The Marmite nature of LinkedIn Notifications

Well, as the phrase goes, you either love them or hate them but one thing that you’ll find it difficult to do is simply miss notifications on LinkedIn … and that’s probably a good thing, given what they are trying to achieve. 🙂

As with so many things on LinkedIn, the issue arises because people want to use the site in different ways and so something which one person finds of value, another might consider to be a waste of time or better suited to a site like Facebook. And so it is with LinkedIn Notifications. So the challenge we face is how to get the best out of them and to avoid the annoyance that people feel that they are in some way irrelevant and intrusive.

Luckily, and again like so much on LinkedIn, you can customise this section allowing you to see the ones that you are interested in and hide those that for you are simply irrelevant noise.

So what are Notifications?

Notifications do very much what they say on the tin – they simply notify you when something which is deemed of interest or importance to you happens. You’ll find them in the main menu and they appear for a number of very different reasons.

Some of the main ones are when someone:

i) Changes a job

ii) Views your Profile page

iii) Comments on one of your posts or updates

iv) Mentions you in one of their posts

v) Has a Work Anniversary

vi) Celebrates a birthday

vii) Has moved to a new job

viii) Likes or replies to a comment you’ve made

ix) Follows you

x) Have received a milestone number of views of your post

xi) Leaves you an endorsement or Recommendation

xii) Likes a post you’ve published

Basically it makes you aware of a huge number of really quite important opportunities to engage with others on LinkedIn, exactly the reason that we (or at least most of us) are on LinkedIn in the first place.

Notifications can be a great engagement tool

So as I hope you’re beginning to see, notifications can be a very good thing rather than an intrusive pain in the ‘proverbial’, but you’ll need to ensure that they are working for you in the way that you want them to.
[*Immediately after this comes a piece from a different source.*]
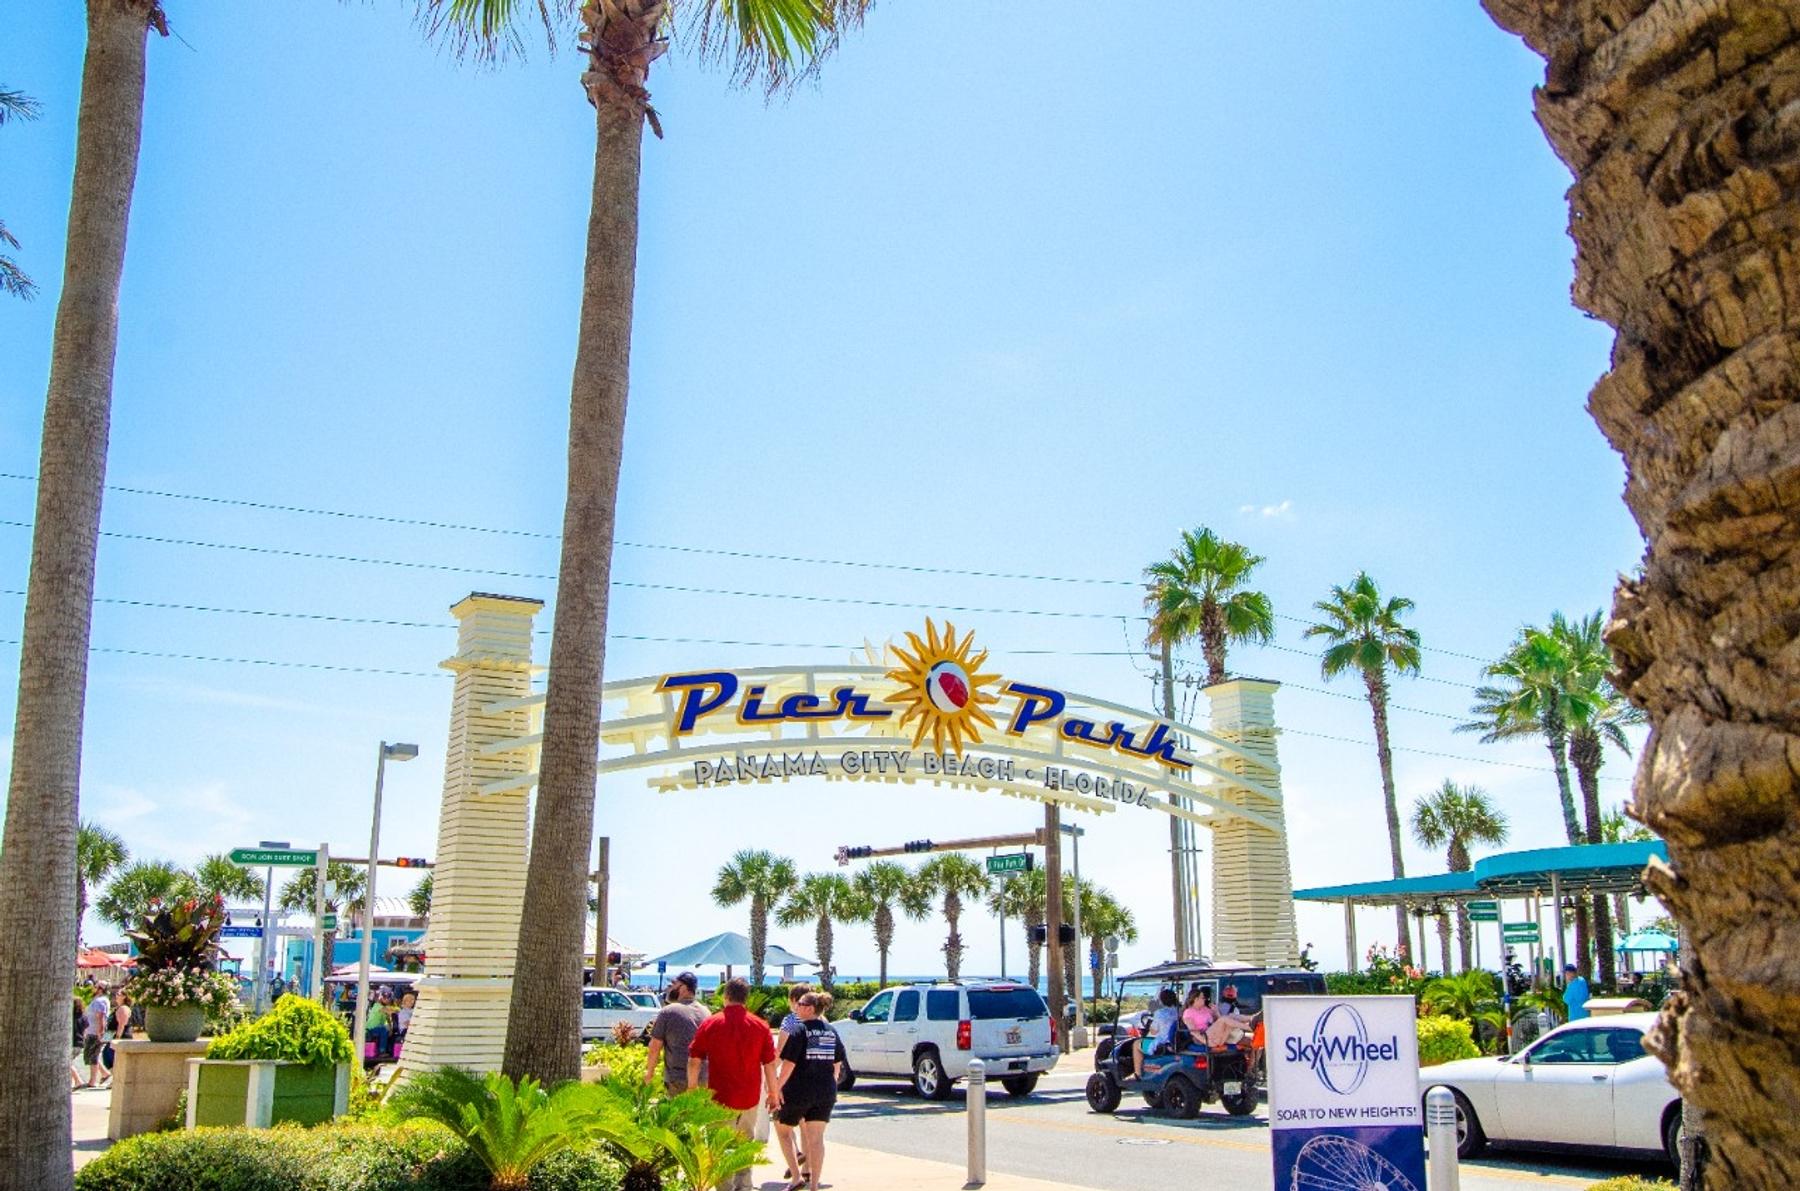 Pier Park Panama City Beach Entry

For me (and how I use LinkedIn), engagement is the name of the game – essentially talking to people, when you strip it back to basics. In my LinkedIn workshops, I always present the analogy that LinkedIn is like a big room full of all sorts of people. I need to identify and target the ones I want to talk to – to know when one of them is talking about me or when someone I have worked with is referring to something I have done for them is absolute gold dust.

That’s exactly what notifications can deliver – a great source of information about who, how and why people want to engage!

The issue arises though because we all work in different ways and so not all notifications are relevant to us all. Personally, I don’t start wishing my connections Happy Birthday just because LinkedIn tells me to. It’s not that I’m a grumpy old bugger (well, maybe sometimes), it’s just not me.

Likewise, I tend not to indulge in wishing people Happy Work Anniversary either – for many people though, they love to do this. Each to their own and I’m certainly not going to knock that. All I do is ignore or turn off the ones I don’t favour, allowing me to concentrate on the ones I do.

For those do employ, I try to make sure that:

  • I congratulate relevant people on their new roles
  • I visit back to the comments I’ve left on others posts to see if I can add further value to the conversation
  • if people have commented on mine I try to ensure I thank them and answer any queries they’ve raised

… and a whole host of other relationship building reminders and actions.

After all, in that big room analogy I talked about earlier, if you were mid conversation with someone, you wouldn’t just walk away without answering them would you? Hhhmmmm …?

How do I turn them off?

If you are still unconvinced, then knowing how to turn them off might be a useful piece for me to add here.

It is actually very easy to turn off the notifications – they can all be managed directly from the Notifications tab and will allow you to determine which types of updates you’d like to receive and which you’d prefer not to.

Changing notification preferences

To turn off a notification update:

1. Click the Notifications icon at the top of your LinkedIn homepage.
2. Click the icon to the right of the notification.
3. Select Turn off all notifications of this type.

Once you’ve turned off a notification update, all existing notifications for this type will be removed from the Notifications tab and you’ll no longer receive these alerts. You can find a list notification updates you’ve turned off, on the Notifications tab … and should you regret turning them off, then you can reverse the process from here too.

So what should I do now?

Well, possibly nothing.

The aim of this post was to inform you about the options that you have – however, as I mentioned earlier in the article, the only person who can decide which set up is best for you, is YOU. From my perspective, I leave them all on – I do, however, ignore the vast majority of happy birthday and happy work anniversary announcements, though I could turn them off if truth be told.

However, I pay very close attention to new job announcements and will often congratulate my connection about the move (with a personal message, not the default of course). I also follow carefully the conversations I’m engaged in and those where I have been mentioned – all give me opportunities to thank those taking about me and to help those looking for help using LinkedIn, thereby raising my own visibility.

I would encourage you to think about what would give you most benefit too.

And as an aside: if you share the post on LinkedIn then I should be notified and it gives me the chance to comment or thank you for that if appropriate. Now, what could be nicer than that?